We had a short taper week for the race. I did an hour spin on Tuesday, a short run on Wednesday, and a swim on Thursday. On Friday, I picked up a teammate and drove down to Lake San Antonio. With temperatures in the 90s, setting up camp in “Iron City” was a workout on its own.
Mental Preparedness
I hadn’t put a great deal of mental energy toward Wildflower because most of my focus has been on Ironman Lake Tahoe in September. That’s my A race. The training calendar is built around Tahoe, not Wildflower. I started to get excited about Wildflower this week, thinking about the fun of camping with teammates and pushing hard at a race, but on Friday, when I had time to sit and think about what Saturday would bring, I found myself feeling unprepared. With my Achilles acting up, my runs have been shorter recently. Would I be able to handle 13.1? When we did the bike ride during training weekend, I messed up my nutrition and ended up wasted in the parking lot. Would I be able to run after the bike this time? Only racing could answer those questions.
Wildflower Hates Women
Wildflower is not a woman-friendly event. Racers start in waves, with all the men swimming first. This means my wave started at 9:15 am (though we had to be down setting up transition by 7:30 or so). So there was lots of waiting around, where I got to ogle the elite athletes as they raced out of their swim, through transition, and onto the bike in about 30 seconds flat (I like to re-apply sunscreen and body glide, so my transitions take 5 or 6 minutes). Finally it was time to start.
Swimming
The swim was good. I don’t usually worry about the swim. It’s not my strongest event, but I’m a good swimmer and it’s the shortest part of the race. The water was warm, about 71 degrees, so wetsuits were optional (for the elites, they were banned). I wore mine, of course, but actually felt a little hot in it. They really work! I have new goggles that stayed clear for the whole swim, so I think my sighting has improved (unlike some people, who managed to end up perpendicular to me... where are they going??).
Riding
After a few minutes of dithering at transition, I was out on the bike. It was about 10:00 am, the sun was high in the sky, it was creeping up into the 80s by that point, and the course puts a Category 4 hill at mile 2. It’s a great way to warm up those legs! The wind is the real terror on this course, but luckily, it was less intense than I’ve ever experienced it.

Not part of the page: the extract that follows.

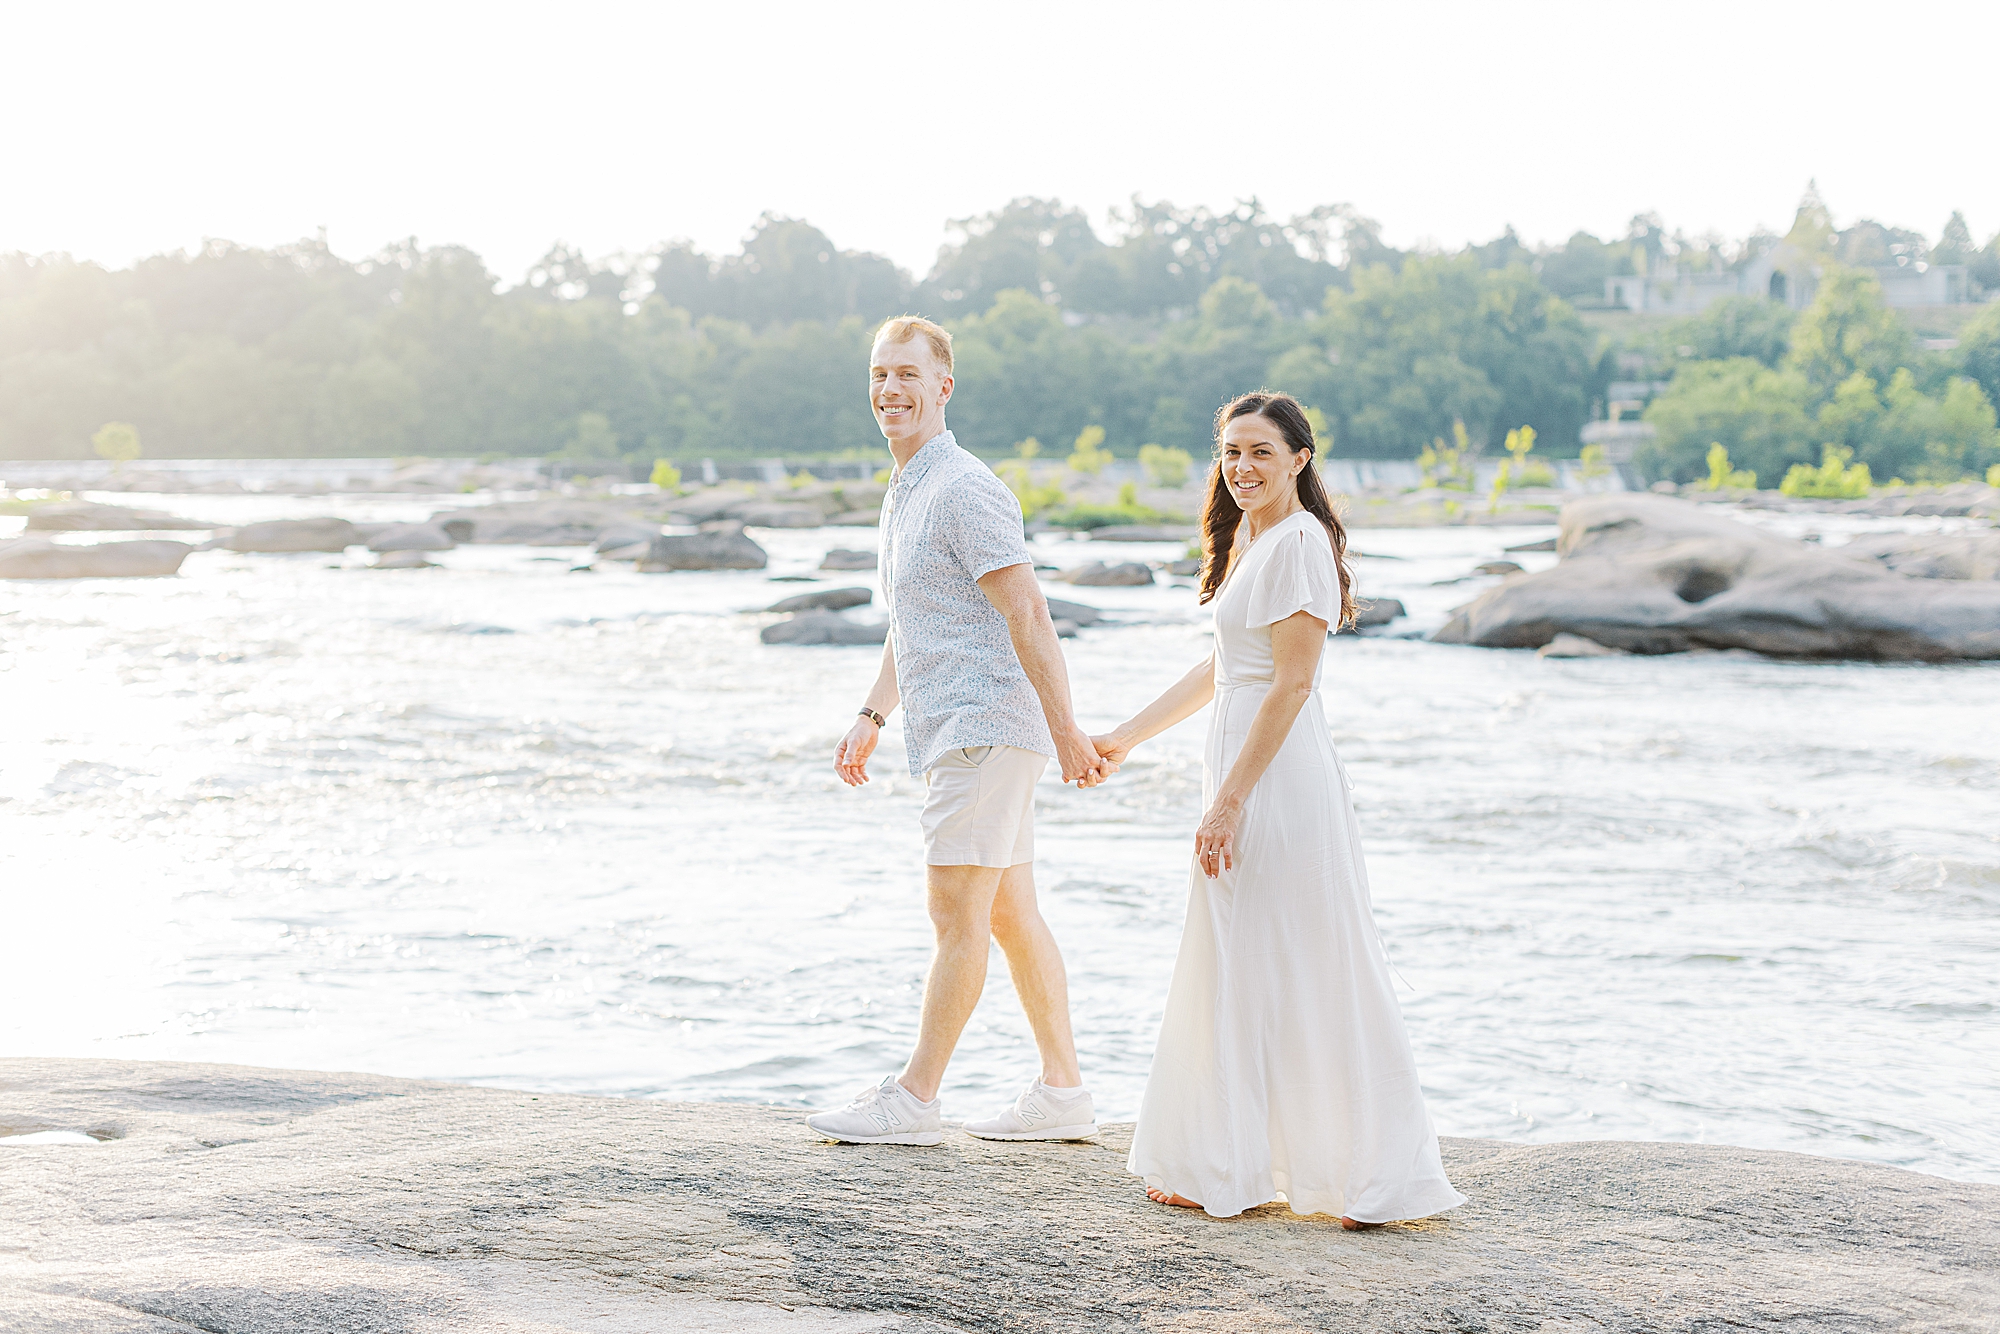 Summer engagement photos at Belle Isle.

This meant I didn’t have to pedal downhill into a headwind, or go 10 mph on a flat straightaway. It meant I could have fun on the bike!

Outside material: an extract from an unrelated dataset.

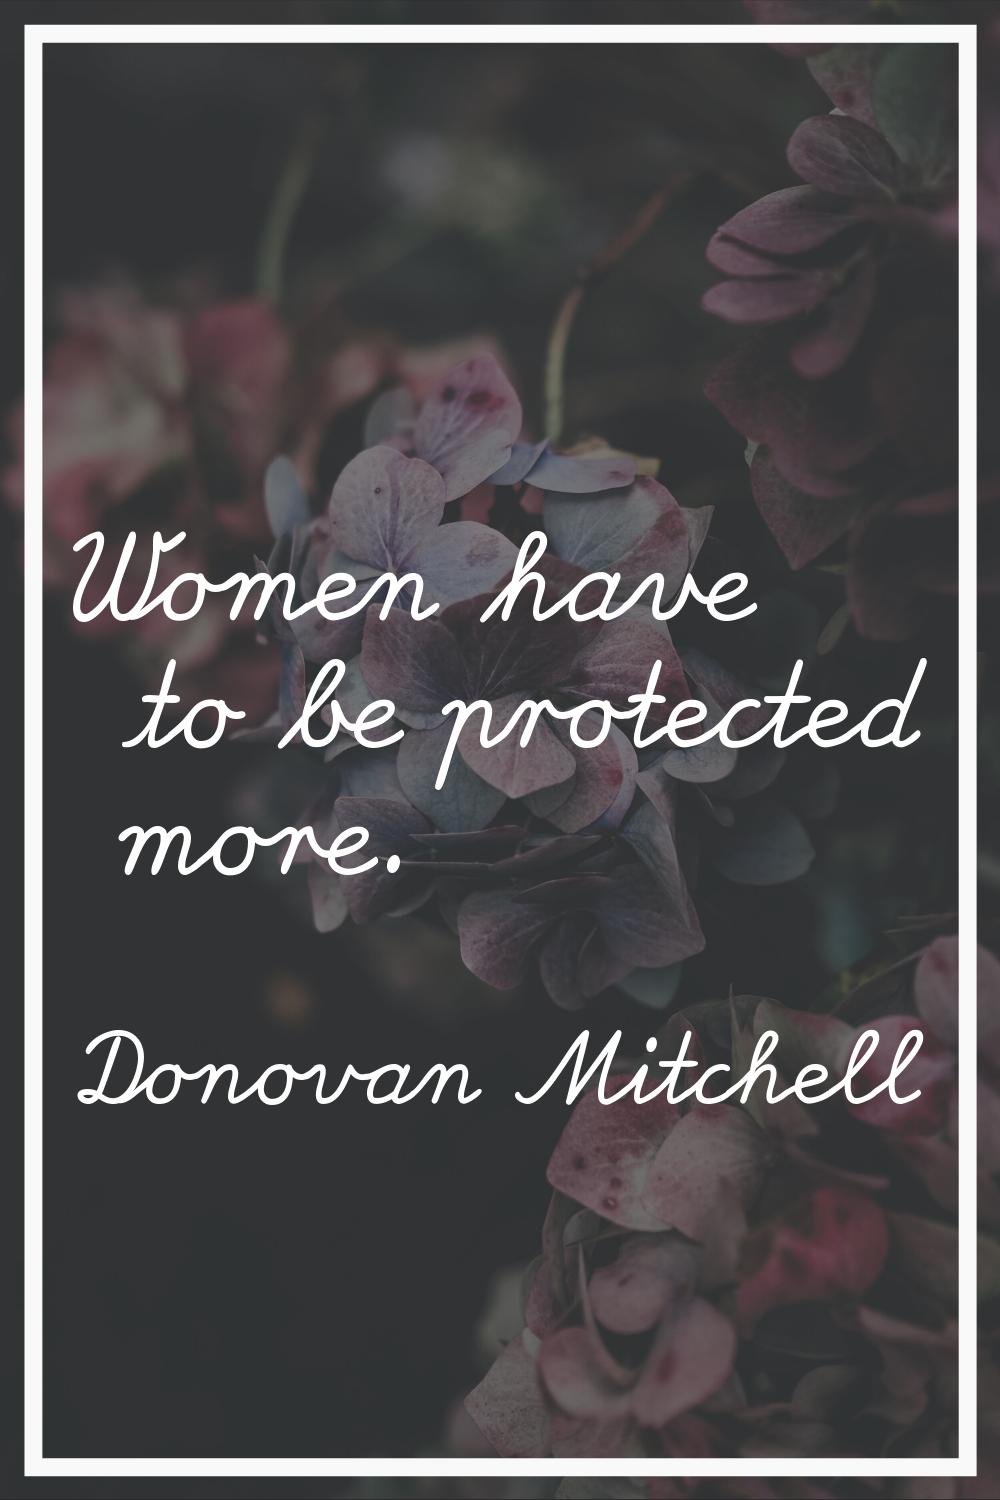 Women have to be protected more.

This lasted until Nasty Grade. This is a long, steep hill at mile 43 – 48. High noon, with no shade, over 2 hours into a hard ride, Nasty consistently sucks the life from me. Saturday was no different. I knew it was coming, and I made sure to eat before getting there, but I think I burned every calorie in my system getting myself up it. I was left feeling woozy and out of it, sleepy even. I knew I needed to get fuel in me, but I started feeling nauseous, and couldn’t get solids down.
Scaring Myself
After Nasty and few more rollers upward, there’s a massive 2-mile descent. I took it fast, but in control. I’ve done it twice before and had a good sense of the road. I started slowing toward the last curve, knowing that there had been road work there the last time I did it and I didn’t know if the pavement was smooth. Luckily I slowed, because a guy in a Team in Training jersey was curled in the middle of the road. He had crashed a few moments before I got there. Since there were already about 8-10 people stopped to help him, I rode on, but it was a sobering moment about the danger of riding. When I uploaded my Garmin data to Strava, I saw my max speed was 51 mph. I’m not sure I fully believe that, since my prior max was about 43 mph, but if I hit 51, it was on that descent, and it is pretty scary. (I heard later that he was okay, taken to the hospital, hurt, but no head/neck damage.)

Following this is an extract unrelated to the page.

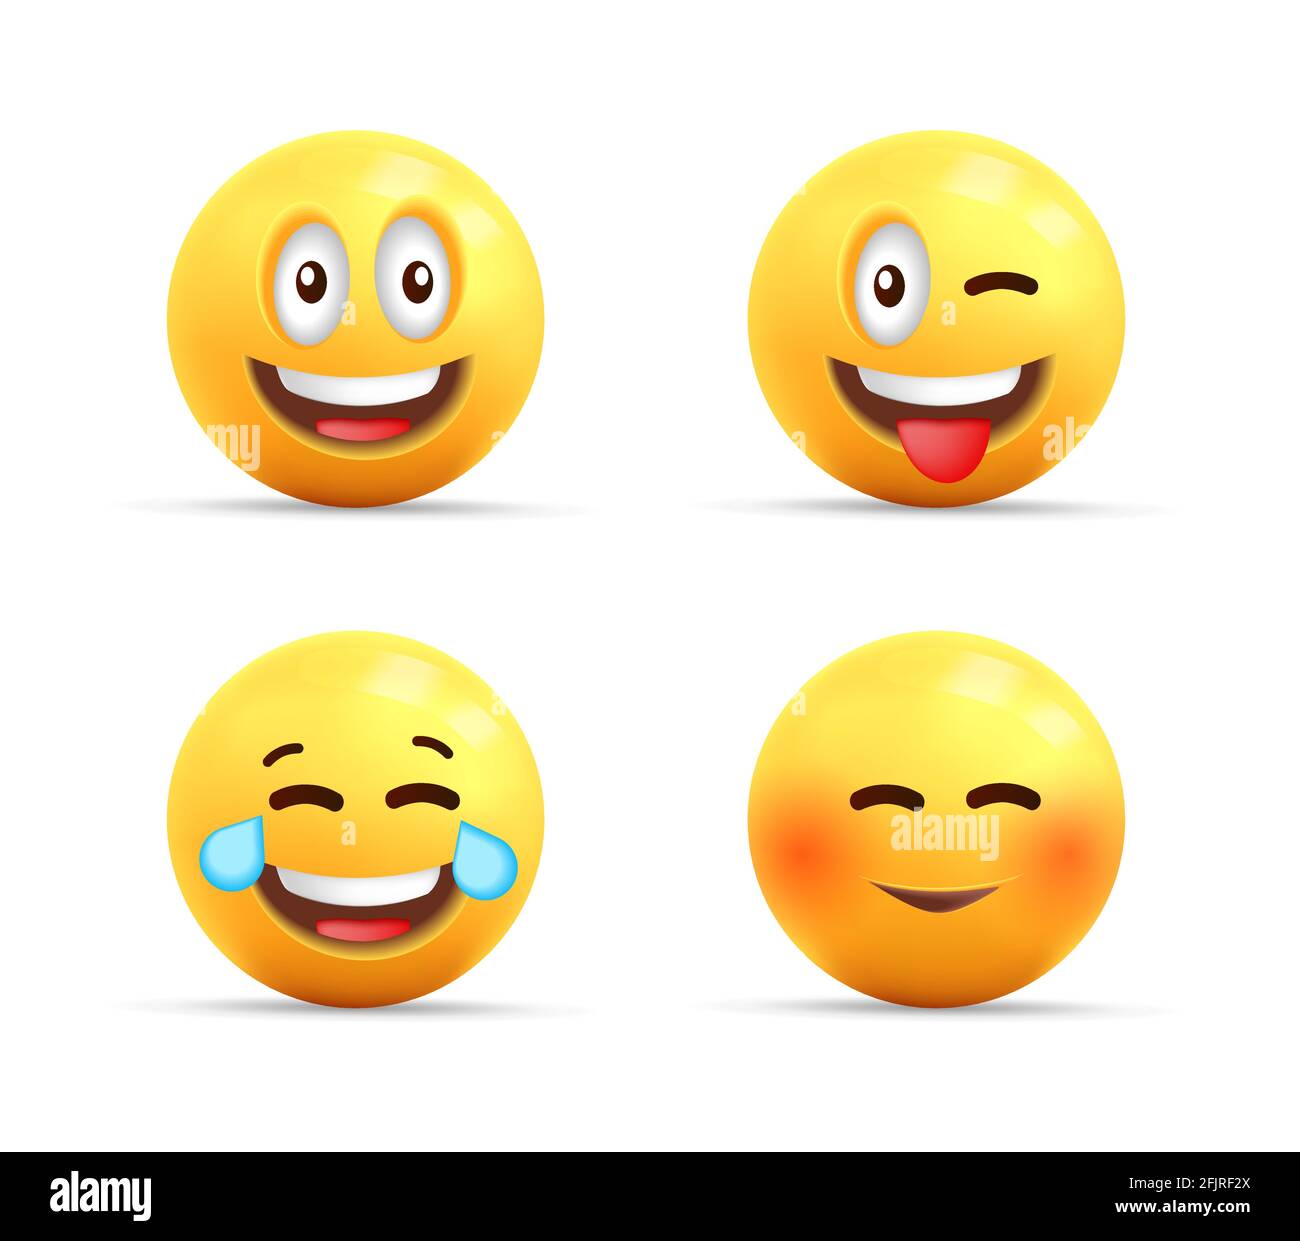 Smiley face 3d icons or yellow symbols with happy expressions, spheric characters laughing, shy and with tongue set Stock Vector

The last 8 miles of the ride were a bit of a let-down. I needed fuel, but had trouble taking it in, and my speed suffered. Despite this, I managed to finish the bike portion in 3:40, which is 20 minutes faster than my bike leg in 2011 (and also from training weekend, when I bonked).
The Run (ish)
After a little more dithering in transition (sunscreen, body glide, a few sips of Gatorade), I was out for the run. This leg could more accurately be called a slog. There are mountains here, hills with grade so steep it makes no sense to run when walking is faster and uses less energy. I spent many minutes mentally castigating the sadistic designers of this race for their malevolence. What assholes. It was nearing 2:00 pm and well past 90 degrees. Moments of shade were rare, but at least the water stops came every mile. If only the water had not been tepid, they would have been wonderful oases in the wasteland of the Wildflower run course.
You can, perhaps, tell from my language that the run did not go so well. I was doing okay for the first 4 miles, which was when the first big mountain started. I walked it, as most people did, but when it came time to run again, my stomach started acting up. I was feeling nauseous and uncomfortable, drained of energy. I ended up stopping twice at port-a-potties. I felt chilled at times, but hadn't stopped sweating. I was eating Shot Blocks, but had some trouble getting them down. I drank Gatorade at the water stops, which I think helped a great deal because it was easy calories to take in. I should have had more Gatorade, but my stomach was so sloshy and weird, I was nervous to drink too much. I took Enduralytes (salt) regularly, and re-filled my water bottle at almost every water stop, so I think my hydration was good, but I lacked nutrients.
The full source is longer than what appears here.